Insightful, magical, truthful writing
Memory and Straw is yet another wonderful book from Angus Peter Campbell. It’s magical and it’s beguiling and it’s a book to be savoured as you read.
Back Cover Description: A face is nothing without its history. Gavin and Emma live in Manhattan. She’s a musician. He works in Artificial Intelligence. He’s good at his job. Scarily good. He’s researching human features to make more realistic mask-bots non-human carers for elderly people. When his enquiry turns personal he’s forced to ask whether his own life is an artificial mask. Delving into family stories and his roots in the Highlands of Scotland, he embarks on a quest to discover his own true face, uniquely sprung from all the faces that had been. He returns to England to look after his Grampa. Travels. Reads old documents. Visits ruins. Borrows, plagiarises and invents. But when Emma tells him his proper work is to make a story out of glass and steel, not memory and straw, which path will he choose? What s the best story he can give her? A novel about the struggle for freedom and personal identity; what it means to be human. It fuses the glass and steel of our increasingly controlled algorithmic world with the memory and straw of our forebears world controlled by traditions and taboos, the seasons and the elements.
My Review: Gavin, the narrator, is a scientist working in the very precise world of nanotechnology. His work and his twenty-first century lifestyle means that, like many people nowadays, he inhabits both the virtual online world and the real world.
As he undertakes his latest work project, he finds himself increasingly making comparisons and links to how, in the past, there was a different sort of virtual world, a world of magic and fairies.

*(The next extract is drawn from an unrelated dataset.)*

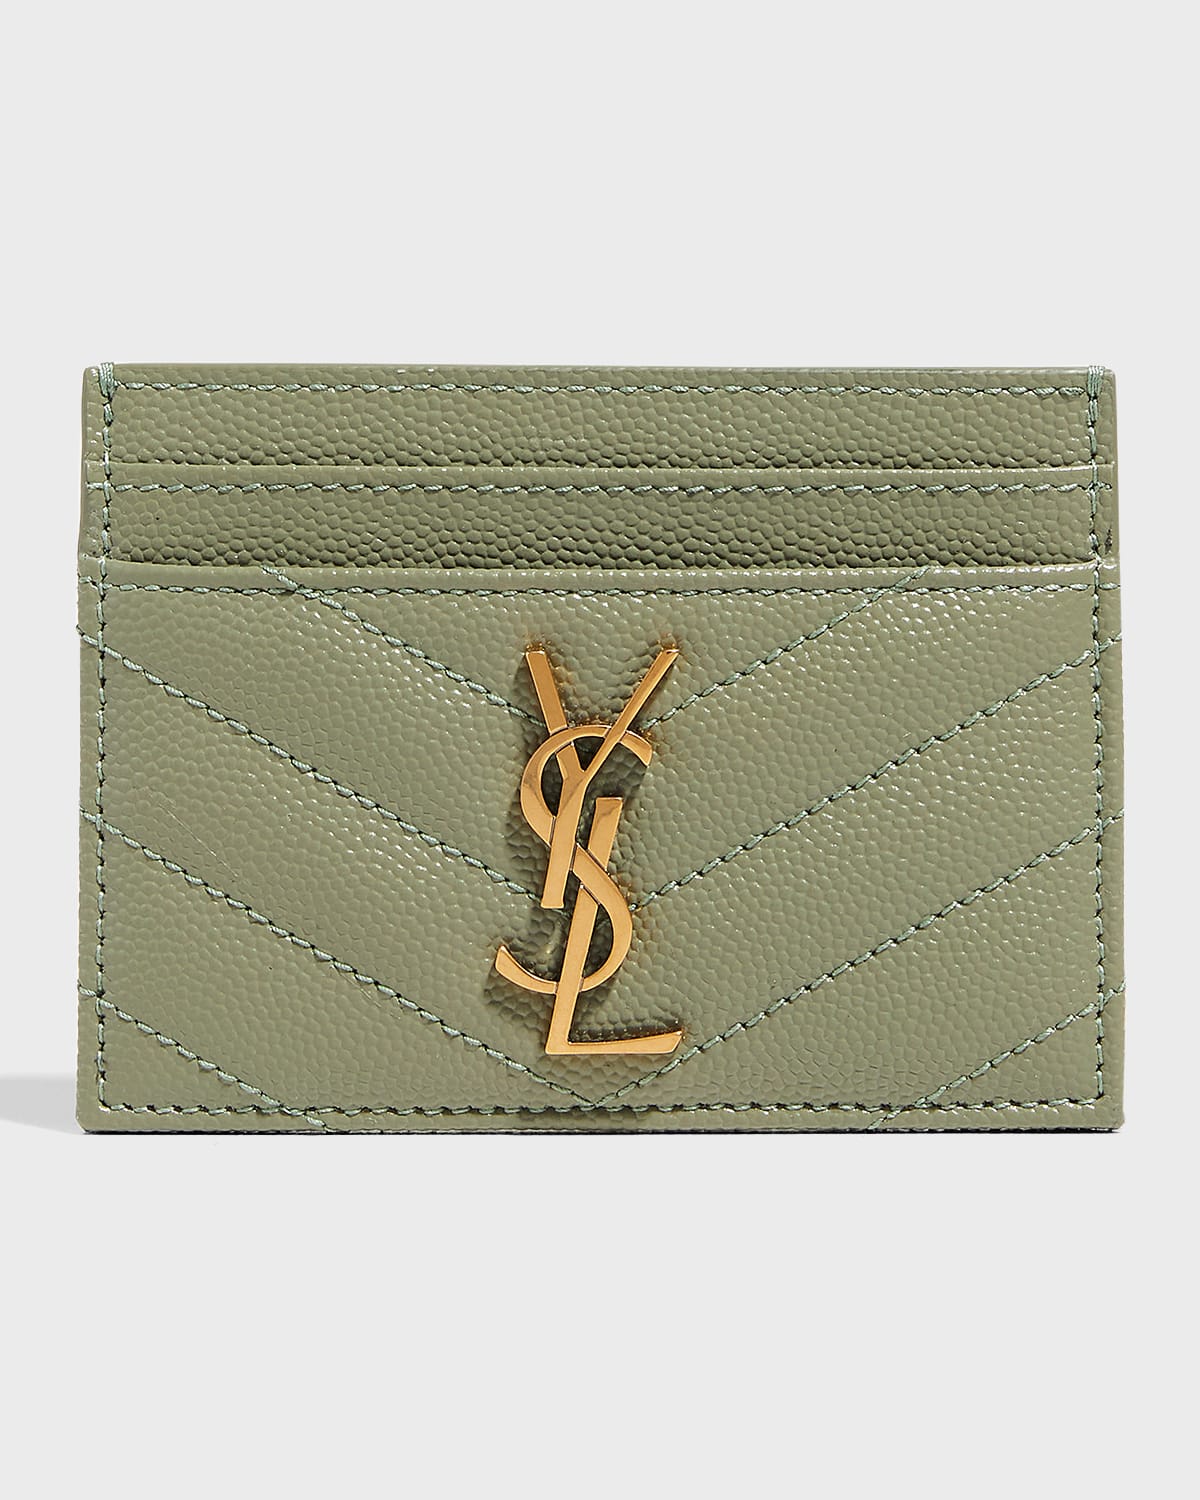 YSL Monogram Grain de Poudre Leather Card Case, Golden Hardware

He concludes that whereas now the internet offers insights and solutions into how we should live our lives, in the past it was the supernatural world that did so offering as it did visions, spells and rituals.
As work and home pressures build to intolerable levels for Gavin, he decides to take some time out and to delve into his ancestry and heritage. He hopes by doing so that he’ll find a clearer idea of who he is and of his place in the world. As he carries out his quest, he finds the lines between past, present and future becoming increasingly blurred but he also comes to terms with where and how he fits in.
There’s a dreamlike quality to Campbell’s writing. His use of language to describe setting and people is exquisite. The plot is fragile. It has to be, but it’s like a spider’s web in its flimsiness. It has coherence and purpose and, for the reader, it’s easy to suspend disbelief and just go with it.
This is a book to transport you, to fully immerse yourself in and to take your time with. It’s an insightful and rewarding read.
Memory and Straw is available as a hardcover print book and as an ebook. It is published by Luath Press.